5 min read Quiz at the end
Few-shot examples teach the LLM your exact desired format and pattern — 2-5 examples is the sweet spot.

Few-Shot Prompting

Provide 2-5 input-output examples to teach the model your exact desired pattern and format.

# Few-shot classification
Classify each tweet as Spam or Ham.

Tweet: 'Win a FREE iPhone! Click now!'
Label: Spam

Tweet: 'Can we reschedule our meeting to 3pm?'
Label: Ham

Tweet: 'URGENT: Your account has been compromised!'
Label: Spam

Tweet: 'Great presentation today, really enjoyed it.'
Label: Ham

Tweet: 'Congratulations!
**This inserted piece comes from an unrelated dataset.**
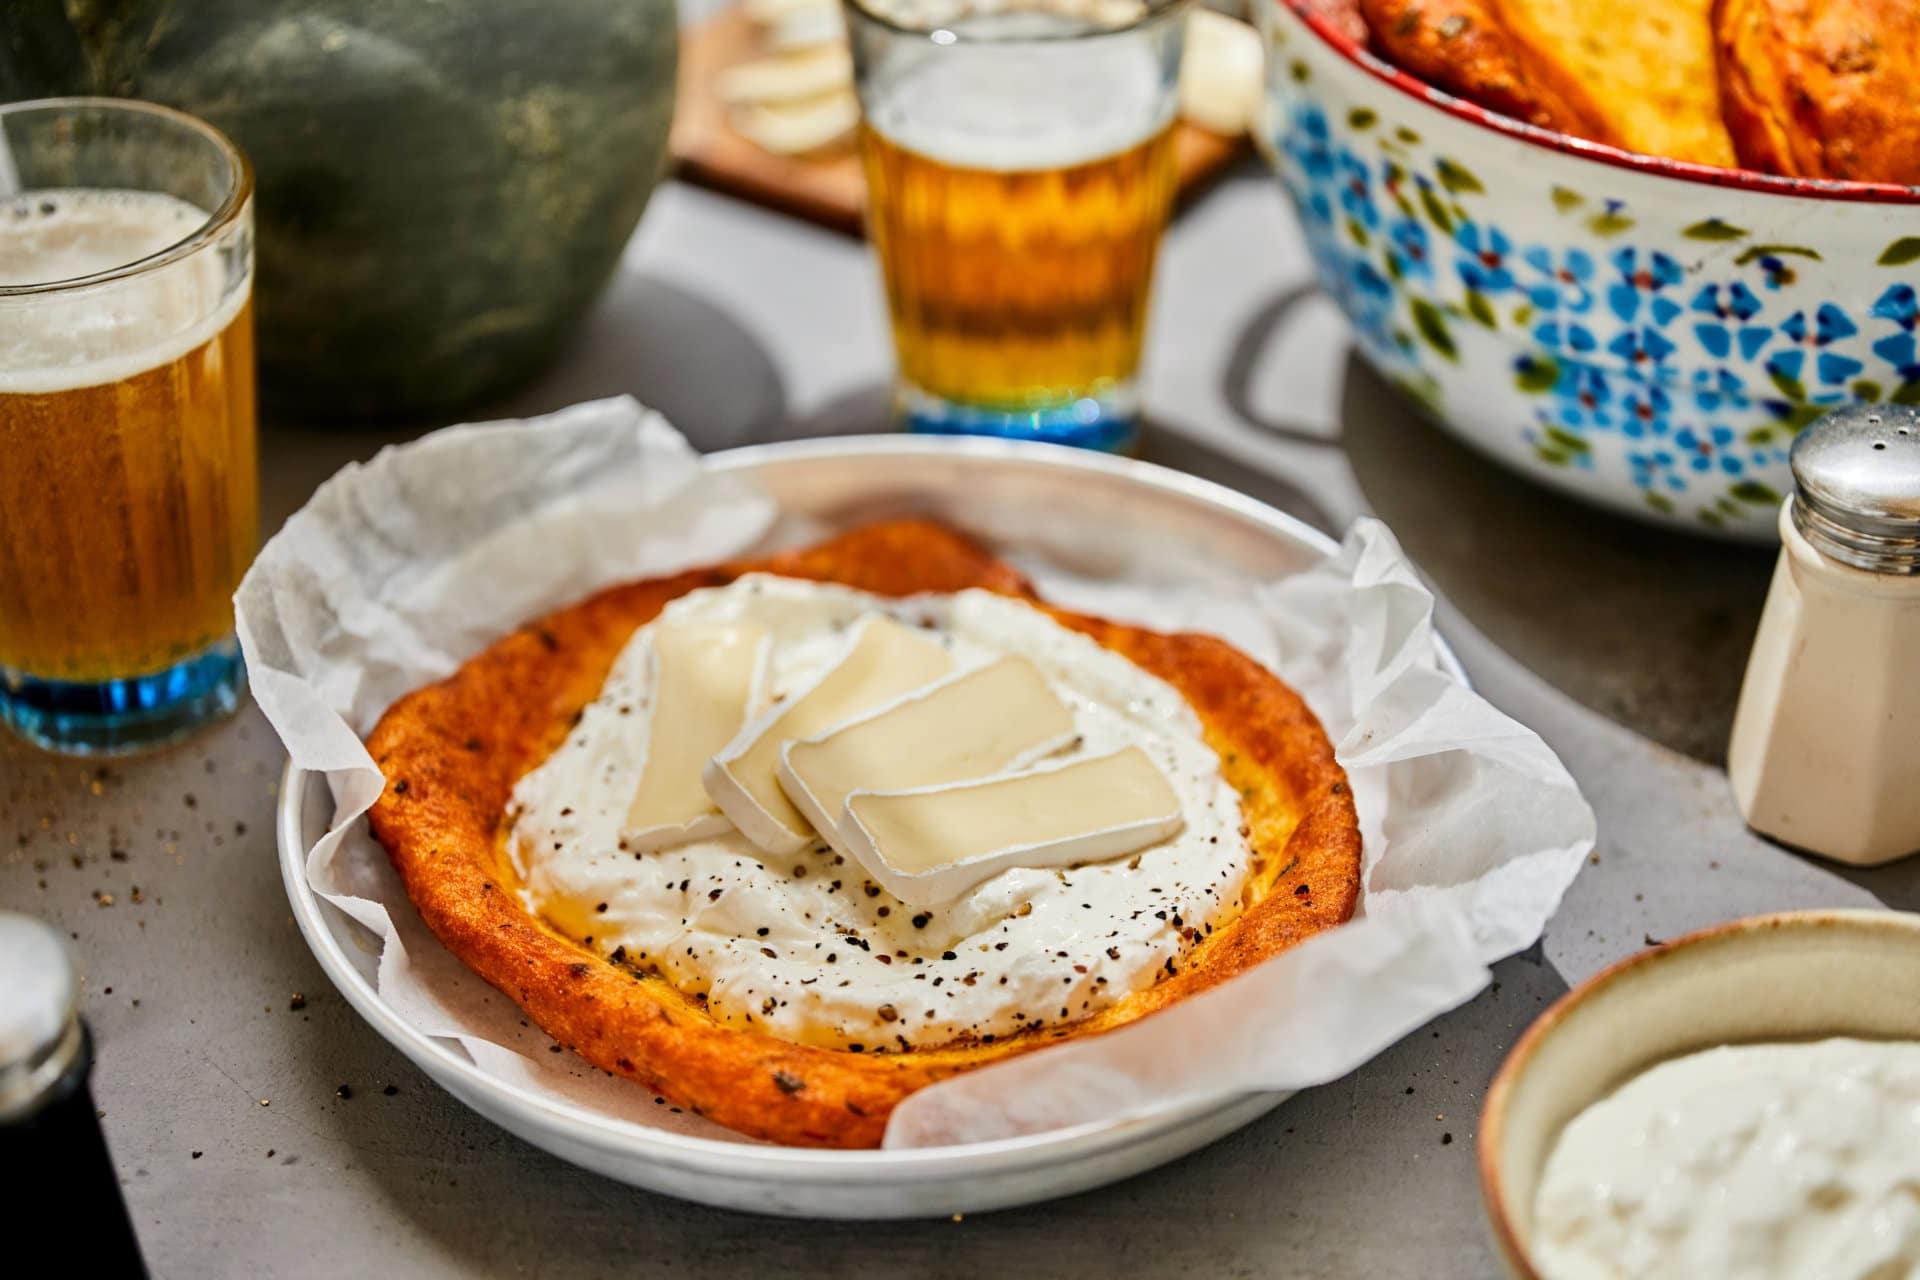 édesburgonyás-zöldfűszeres lángos, tejföllel és camembert-rel
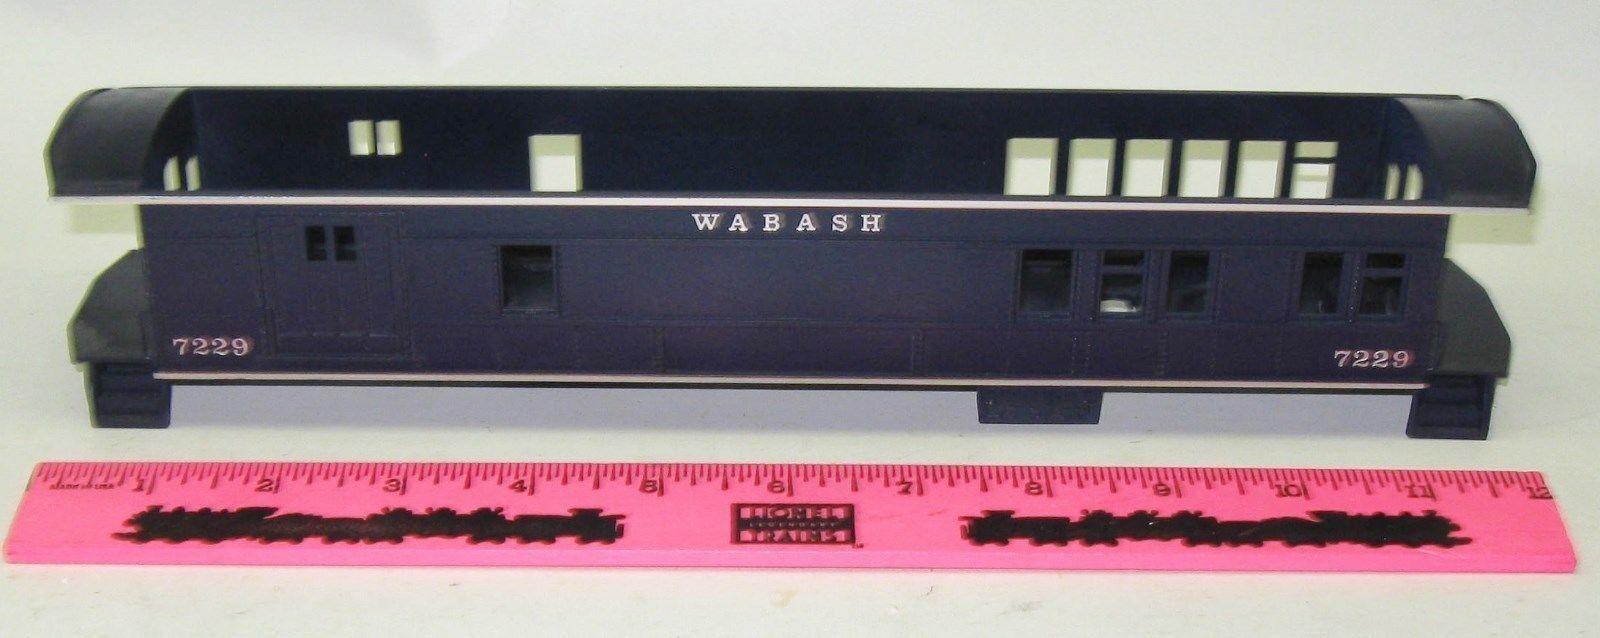 Lionel neue 7229 wabash shell

You have been selected for a prize.'
Label:

# Few-shot extraction
Extract name and role.

Sentence: 'Alice Smith leads the backend team.'
Name: Alice Smith | Role: Backend Team Lead

Sentence: 'Bob joined as a senior data scientist.'
Name:
Topic Quiz · 2 questions

Test your understanding before moving on

1. How many examples is optimal for few-shot prompting?
💡 2-5 examples is the sweet spot — enough to teach the pattern without wasting context tokens.
2. Why does example ORDER matter in few-shot prompting?
💡 The most recent examples have the strongest influence — put the most representative example last.